A direct formula for $f'_k$ can be obtained by multiplying together the appropriate widgets; first, $D$ can be written as

$D_3 = \left(\begin{array}{ccccccc} 0 & 0 & -1 & 0 & +1 & 0 & 0 \\ 0 & -1 & 0 & 0 & 0 & +1 & 0 \\ -1 & 0 & 0 & 0 & 0 & 0 & +1\end{array}\right)\left(\begin{array}{c}f_{k-3} \\ f_{k-2} \\ f_{k-1} \\ f_k \\ f_{k+1} \\ f_{k+2} \\ f_{k+3}\end{array}\right)$

(The pattern should be obvious). Given this, a direct formula for $f'_k \approx f'(x)$ is:

$O(\epsilon^{2n-1}) + f'_k = \frac{\mathbf{e}_1^\dagger(A_n^{-1} D_n )f_n}{\epsilon}$

where $D_n$ is the $n$th-order differencing matrix, $A_n$ is the $n$th-order Taylor difference matrix (defined above), $\mathbf{e}_1$ is a $n \times 1$ vector with a 1 in the first position only, and zeros everywhere else, and $f_n$ is the vector of function evaluations at $f(x - n\epsilon), f(x - (n-1)\epsilon), \dots, f(x + (n-1)\epsilon), f(x + n\epsilon)$.  The numerator can be precomputed for very fast evaluation. In fact, for the 13th-order approximation, the quadrature vector is

$q_{7} = \frac{1}{360360} \left(\begin{array}{c} -15 \\ 245 \\ -1911 \\ 9555 \\ -35035 \\ 105105 \\ -315315 \\ 0 \\ 315315 \\ -105105 \\ 35035 \\ -9555 \\ 1911 \\ -245 \\ 15\end{array}\right)$

The approximate partial derivative in the direction of $x + \epsilon$ would then be $\frac{q_{7}^\dagger f_7}{||\epsilon||}$.

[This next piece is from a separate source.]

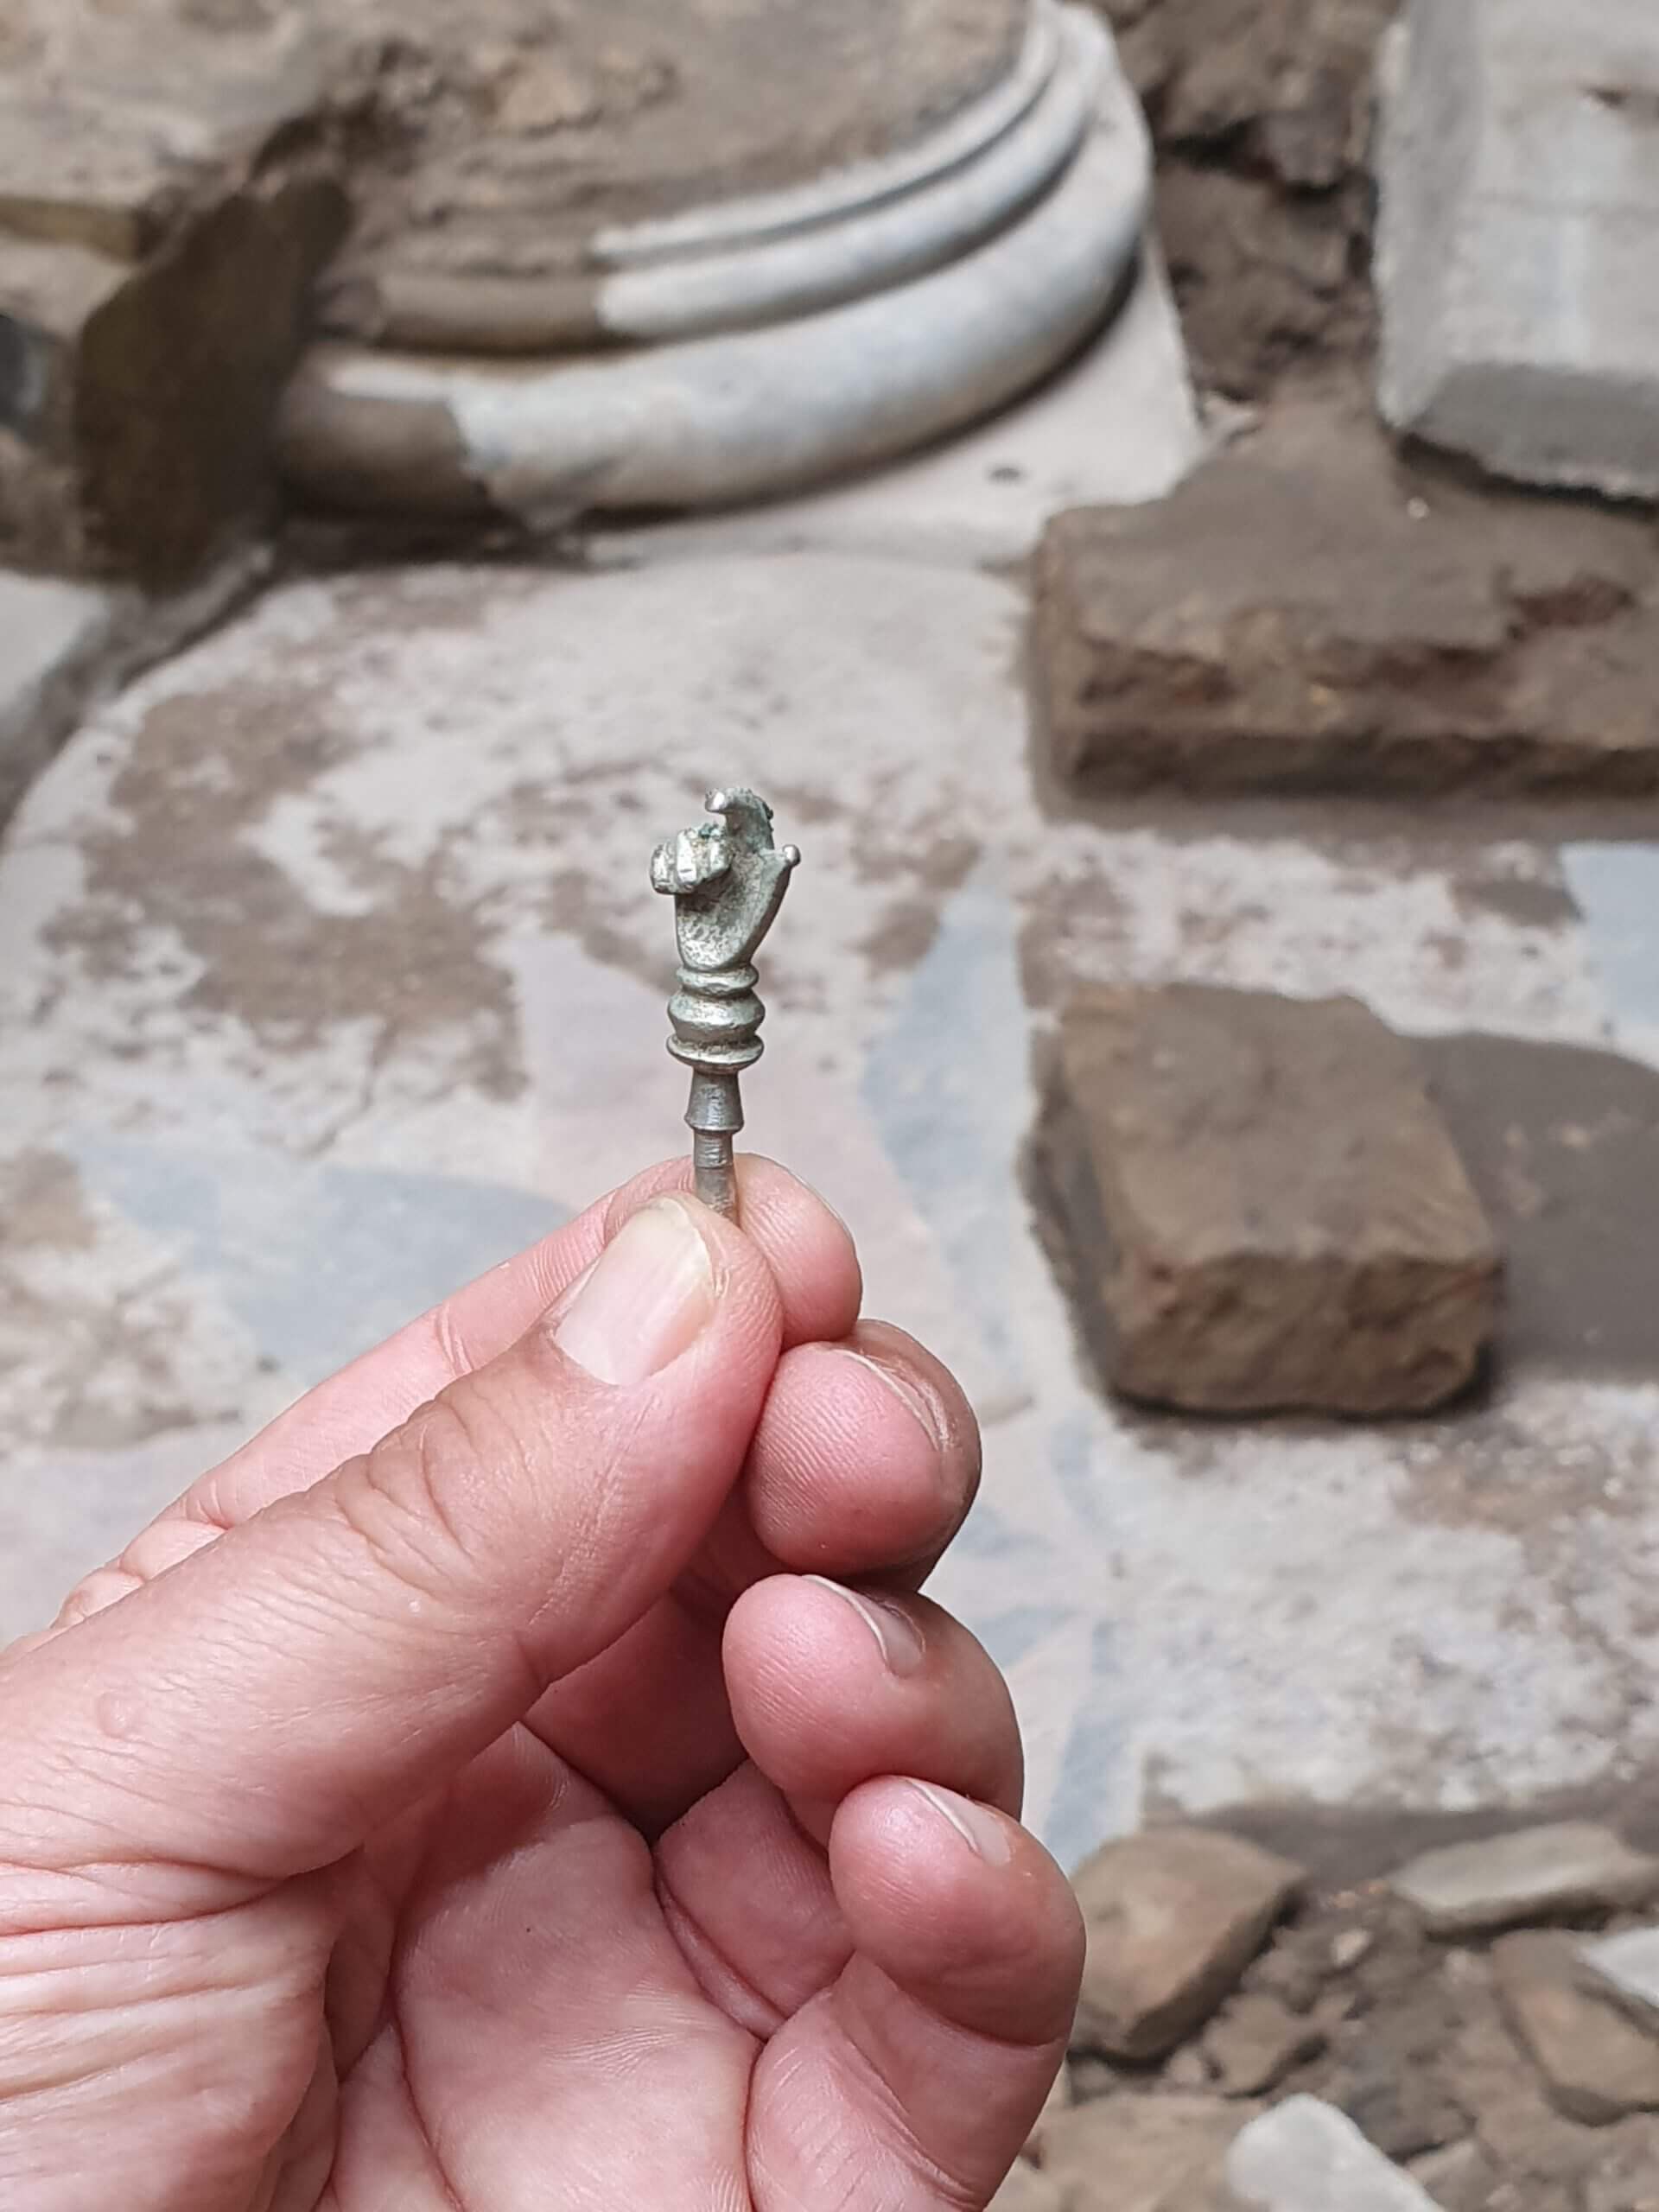 اليد الفضية التي تم الكشف عنها على خلفية منصة الكنيس حيث تم اكتشافها. تصوير جون سليجمان، هيئة الآثار الإسرائيلية

Update: Here’s a plot of the error of this for the function $f(x) = \sin(\pi * x^2)$


q7 = 1/360360 * c(-15, 245, -1911, 9555, -35035, 105105, -315315, 0, 315315, -105105, 35035, -9555, 1911, -245, 15)

x = 1:10000/2000

f <- function(x) { sin(pi * x^2)}

df <- function(x) { cos(pi * x^2) * 2 * pi * x}

err <- sapply(1:9000, function(i){t(q7) %*% f(x)[i + 1:15]/(x[2] - x[1]) - df(x)[i + 8]})

plot(x[8 + 1:9000], err, type='l', ylab='absolute error', bty='n', xlab='x')



So pretty low error. It blows up towards the end, but then again, so does $f^{(13)}(x)$.